Ronny leaned in. “Where?”

“Right there.” She tapped the bottom-right corner.

Barely visible beneath the surface of the photo, like it had been hidden under the emulsion, was a faint set of numbers—almost invisible unless the light hit just right.

38.2321 -87.4917

Maya’s eyebrows rose. “Coordinates.”

Ronny grabbed the map app on his phone and punched in the coordinates.

The pin dropped on a location barely ten miles south of Rayburn Creek—on a piece of undeveloped land, marked simply as: Dawes Farm (abandoned).

“Dawes,” Ronny muttered. “One of the names on the back of the photo.”

Maya gave a low whistle. “So Margie buried the box near Rayburn Creek, but the photograph points to the Dawes place. She must’ve wanted whoever found this to follow the trail.”

“To what?”

“I don’t know,” she said. “But we’re not the only ones following it.”

Ronny looked at the faces again. Five men. One buried secret. And maybe... one woman who saw too much.

The wind shifted outside the truck, rustling the leaves along the roadside.

Ronny folded the photo back into the box.

“We go to Dawes Farm next.”

Tuesday, May 27, 2025

Chapter 7 – Flight Through the Thicket

 The sound came again—closer this time.

A sharp crack, followed by the unmistakable rustle of brush being pushed aside.

Maya’s eyes darted toward the trees. “That’s not a deer.”

Ronny didn’t reply. His hand tightened around the box, still damp with decades of soil. It was heavier than it looked—weighted not just with the past, but with something urgent, something dangerous.

They didn’t wait to find out who—or what—was coming.

“Go!” Ronny hissed.

Maya slung her pack across her shoulder and took off down the narrow path they’d come in on. Ronny followed close behind, the crate pressed to his chest. Brambles clawed at his arms, and low-hanging branches smacked him in the face, but he didn’t stop. He couldn’t.

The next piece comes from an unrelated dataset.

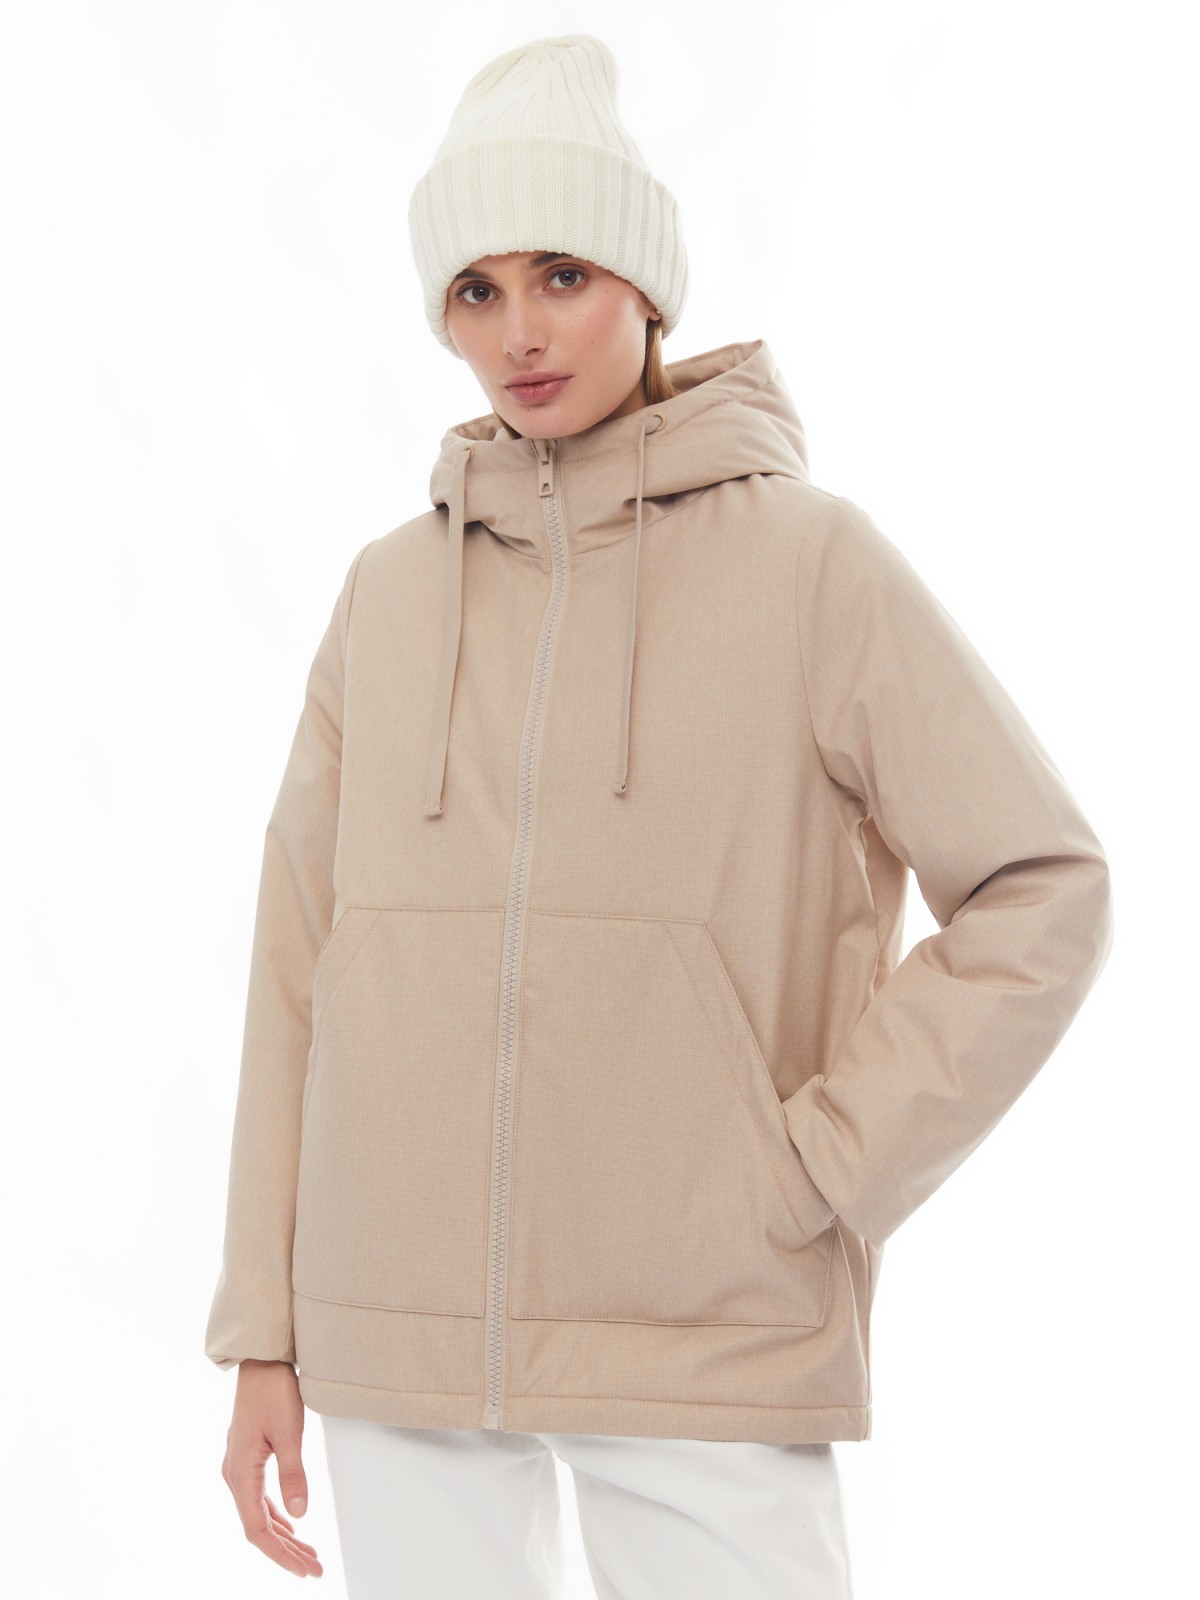 Утеплённая куртка-парка на молнии с капюшоном zolla 024125102124, цвет молоко, размер XS - фото 3

Behind them, another sound—a footfall, fast and deliberate—punched through the stillness.

They weren’t alone.

“Faster!” Maya called over her shoulder.

The path narrowed near the bend in the creek, where the bank sloped down and the trail turned slick with mud. Ronny nearly lost his footing but caught himself against a tree.

A voice rang out through the trees. Male. Close.

“You’re not supposed to be here!”

Ronny didn’t recognize it. It wasn’t the same voice from the phone. This one was louder. Angrier.

Maya didn’t slow down. She veered off the main trail, cutting left through a narrow gap between two thorny shrubs. Ronny followed, ducking low, thorns scratching his arms and snagging his sleeves. The woods grew thicker here—untouched and wild.

“There!” Maya shouted, pointing.

The old metal gate came into view. Just beyond it, the truck.

Ronny surged forward, lungs burning. He vaulted the gate with a grunt, landed hard, and scrambled toward the driver’s side. Maya was already yanking open the passenger door.

The moment Ronny threw the truck into reverse, a figure burst out of the treeline—dark jacket, ball cap pulled low, face obscured.

Too late.

Gravel flew as the tires spun, caught, and the truck lurched backward. The figure stumbled toward them, but the distance was growing fast.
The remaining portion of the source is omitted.